In tema di prevenzione, bisognerebbe evitare di andare in giro scalzi per le aree più a rischio, come l’area delle vasche o le docce. Piuttosto, bisognerebbe sempre indossare un paio di ciabatte o infradito, che aiutano a rimanere isolati. Anch’esse, dopo la doccia, vanno asciugate per bene.

Meglio evitare di stare in ammollo con i piedi lì dove ci sono dei piccoli ristagni d’acqua, cosa che in piscina accade.

Cosa fare per guarire dai funghi?

Nonostante tutte le accortezze del caso, hai comunque contratto i funghi? E’ una cosa che, purtroppo, può capitare.

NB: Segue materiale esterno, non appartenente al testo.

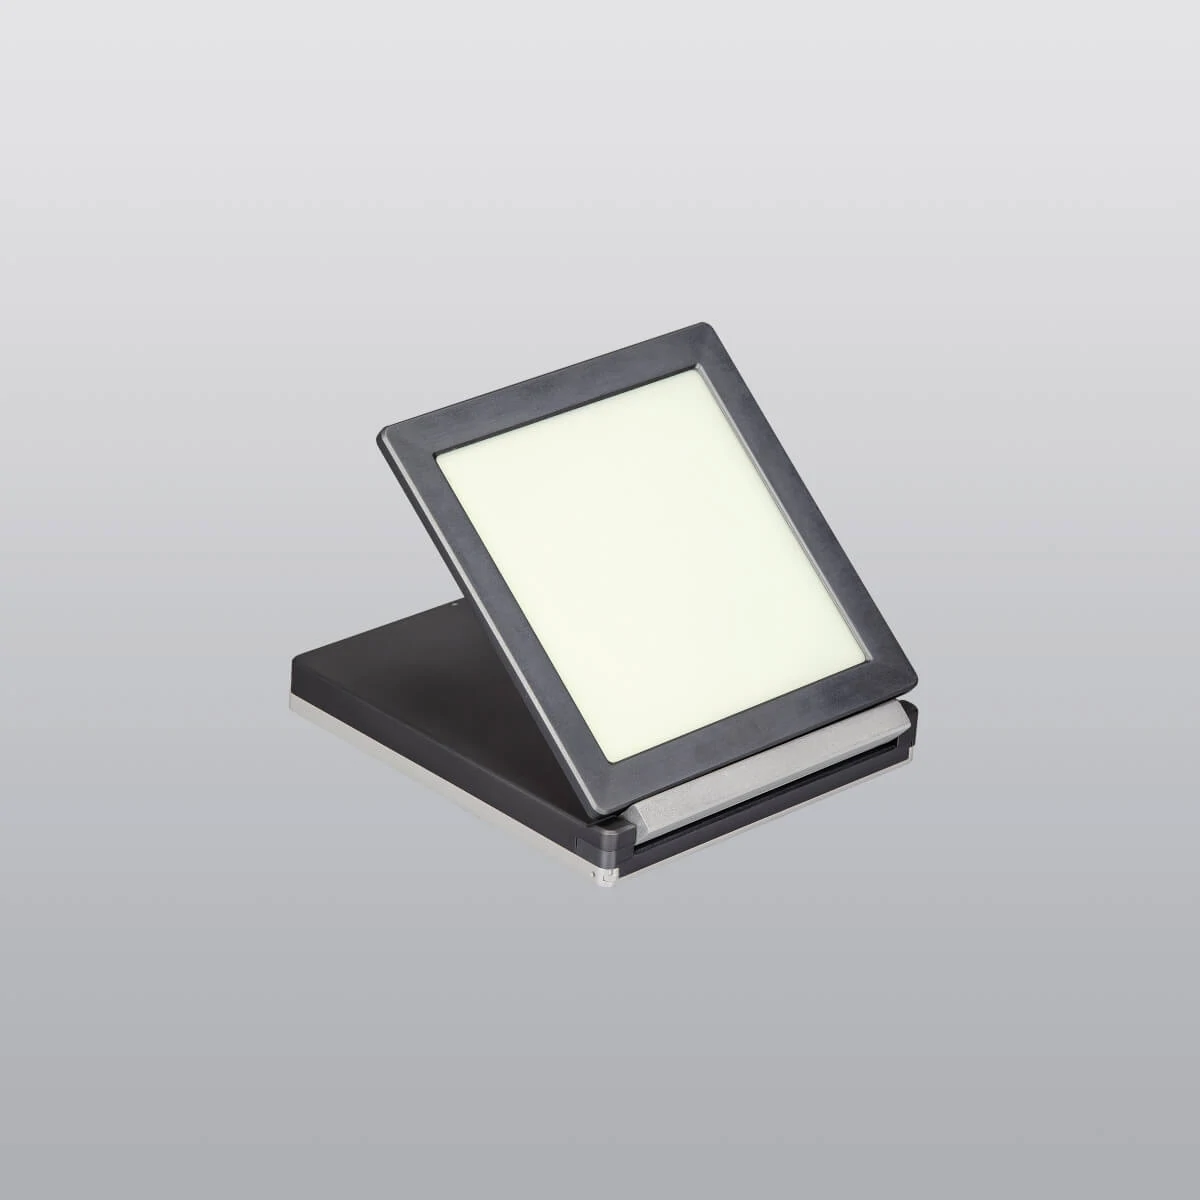 OLED luminaire SquareOne from Gamma Illumination

La miglior cosa da fare è rivolgersi ad un dermatologo, che potrà consigliare una crema topica, da applicare lì dove necessario. Alternative alla crema sono uno spray o una lozione in polvere.

Se la cura non dovesse aver effetto, si può anche decidere di passare a dei farmaci per via orale, ma sempre dietro consiglio del medico (non fate mai auto-medicazione!)

Attenzione anche alle unghie, dato che i funghi che colonizzano la pelle possono annidarsi anche sotto di esse, in maniera particolare se sono più lunghe, e provocare un ispessimento della stessa.

Da ricordare è che qualunque trattamento antimicotico si possa fare, esso non distrugge mai completamente il fungo, ma lo “disarma”. Se le condizioni dovessero tornare favorevoli al suo sviluppo, i rischi di vederselo di nuovo addosso ci sono tutti.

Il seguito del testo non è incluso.